Foods
SINCE YOU HAVE TO
EAT every
day anyway, might as well include some foods that helps suppress or satisfy appetite, right? Some foods have
higher “satiety” value than others. And some foods have proven appetite-suppressing effects.
Each of
us is unique, of course, so our body also has its own unique physiology. You will need to experiment with some
of the following food items to see which “work” for you. Some will work better for you than for someone else—and
vice versa.
The best
foods for satiety and appetite suppression have at least some of the following characteristics. They
are:
-
High in water
and/or fiber content
-
Contain “good”
fats for satiety (such as Omega-3s)
-
Are “nutrient
dense” (a high ratio of essential nutrients to calories)
In this
list, you’re likely to find a few that help a LOT when the “hungries” attack you:
Celery and Carrot
Sticks
High in
both water and fiber content, as well as needed minerals. Keep some fresh-cut sticks handy in the fridge, along
with other veggie snacks such as cherry tomatoes and cauliflower and broccoli pieces.
Salads and Leafy Green
Veggies
Leafy
green veggies (lettuce, cabbage, bok choy, chard, kale, etc.)—whether in salads, stir fry, green smoothies, or
just raw—have so few calories that you really don’t even have to count them when working to lose weight. That’s
true: You can have green leafy veggies in unlimited quantities and never record their calories. They are “free”

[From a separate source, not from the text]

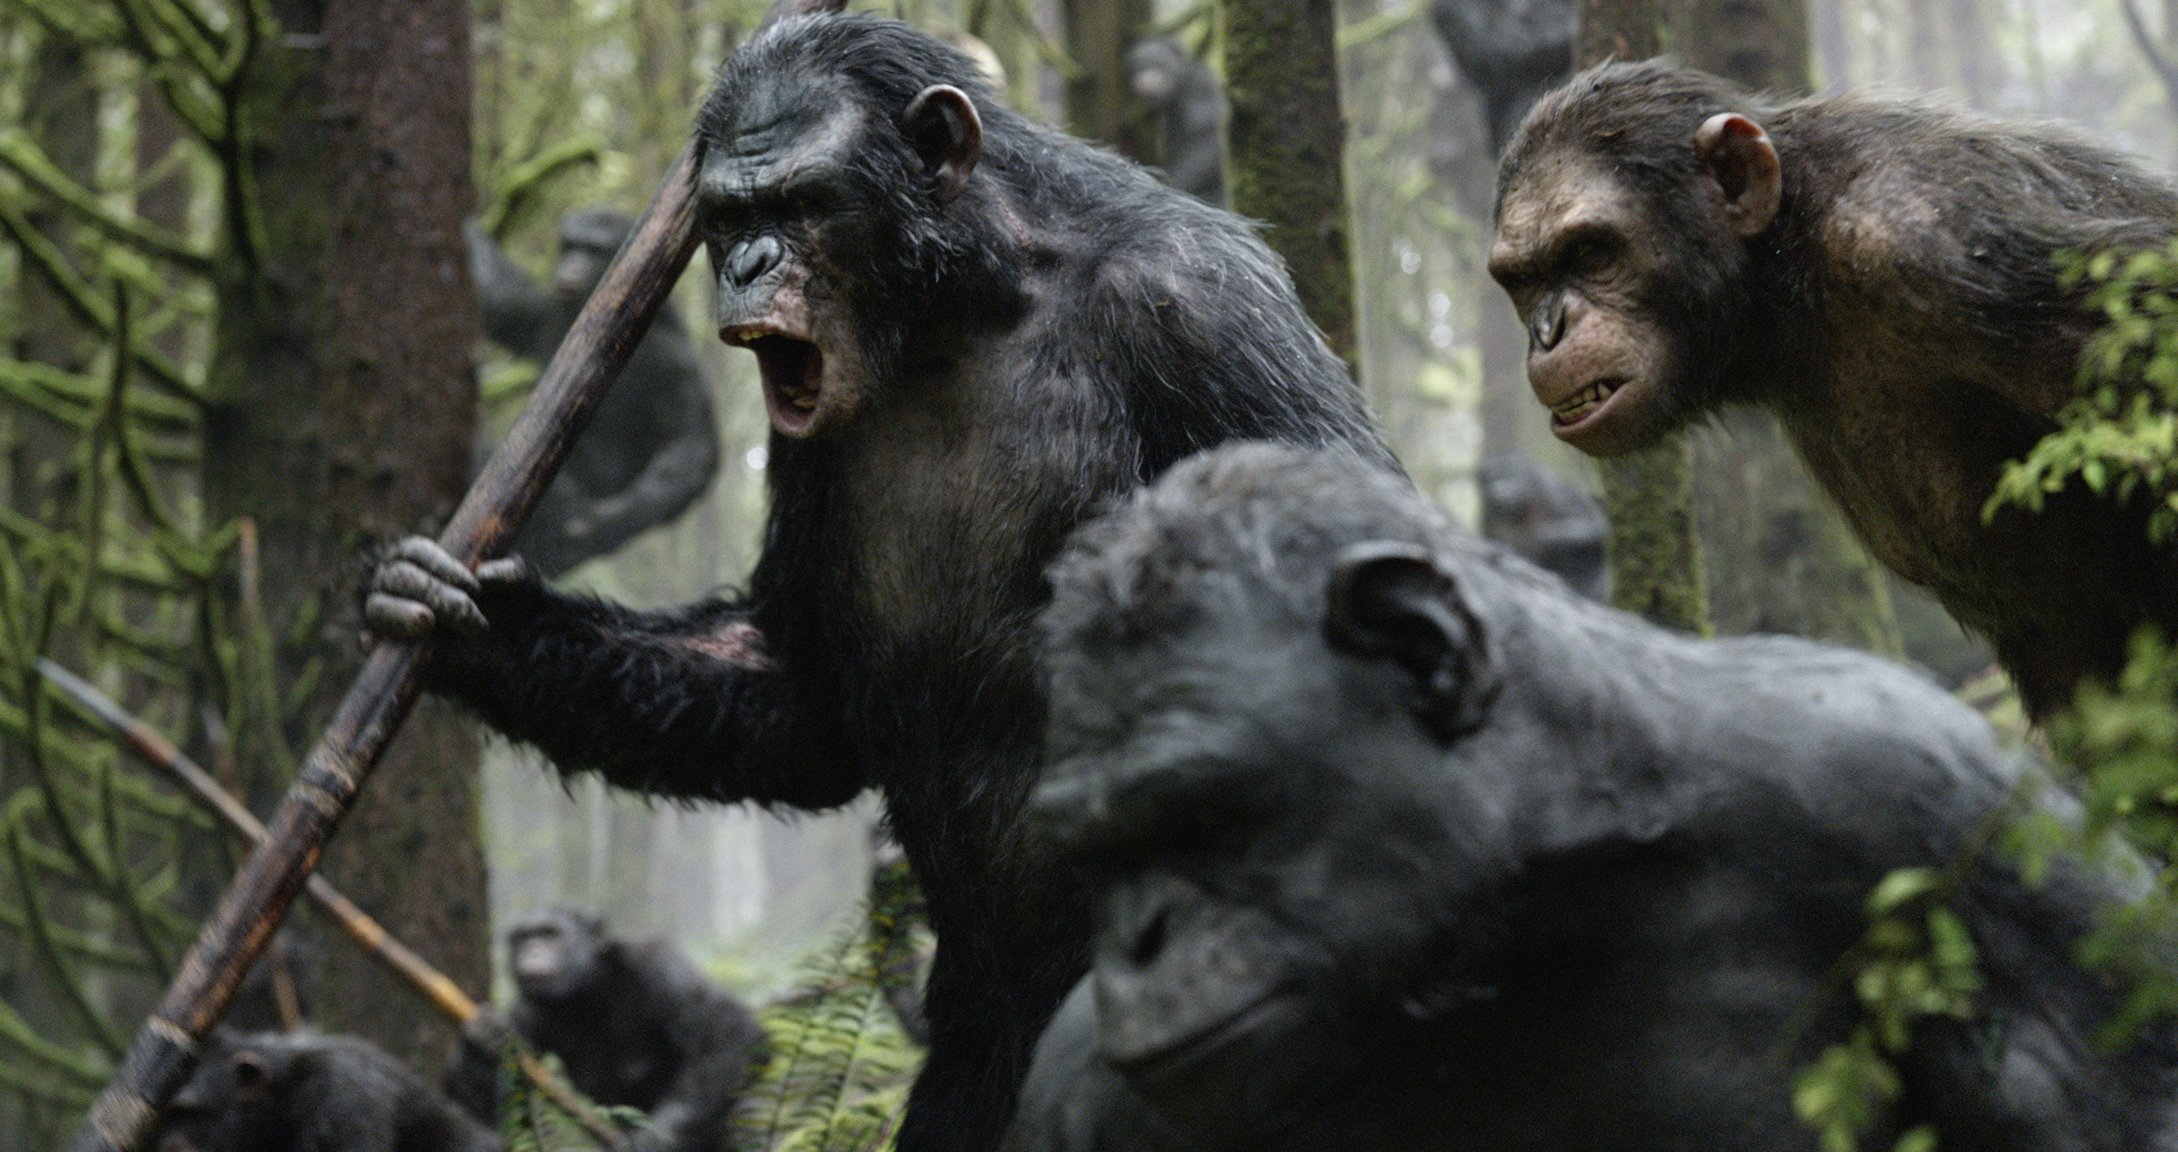 планета обезьян революция рецензия скачать смотреть онлайн бесплатно отвратительные мужики петр сальников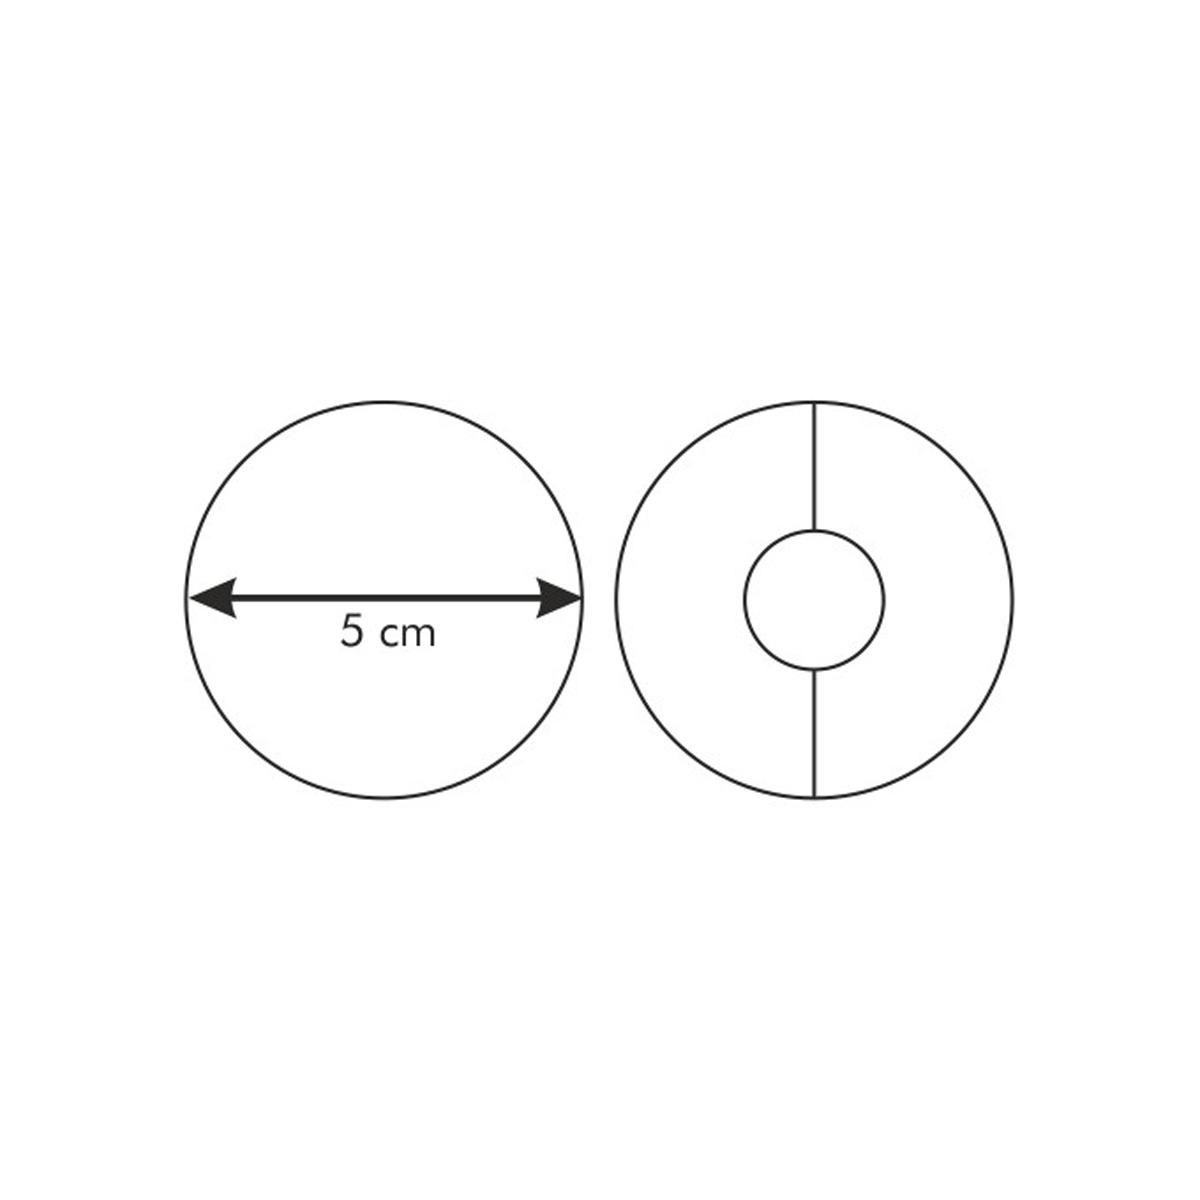 Linecké kolečko DELÍCIA ø 5.5 cm

or “negative calorie” foods, when it comes to weight loss. The reason: It takes as many calories for your body
to digest them as these veggies add to your daily caloric intake.
But even
though they don’t contribute any calories worth counting, they do contribute another huge benefit: They help
fill your stomach and turn off the brain’s hunger signals—another way of saying they help suppress your
appetite.
Most
people don’t like to eat leafy greens plain, though a few hardy souls do! Perhaps the most common way to add
leafy greens to your diet is in the form of salads.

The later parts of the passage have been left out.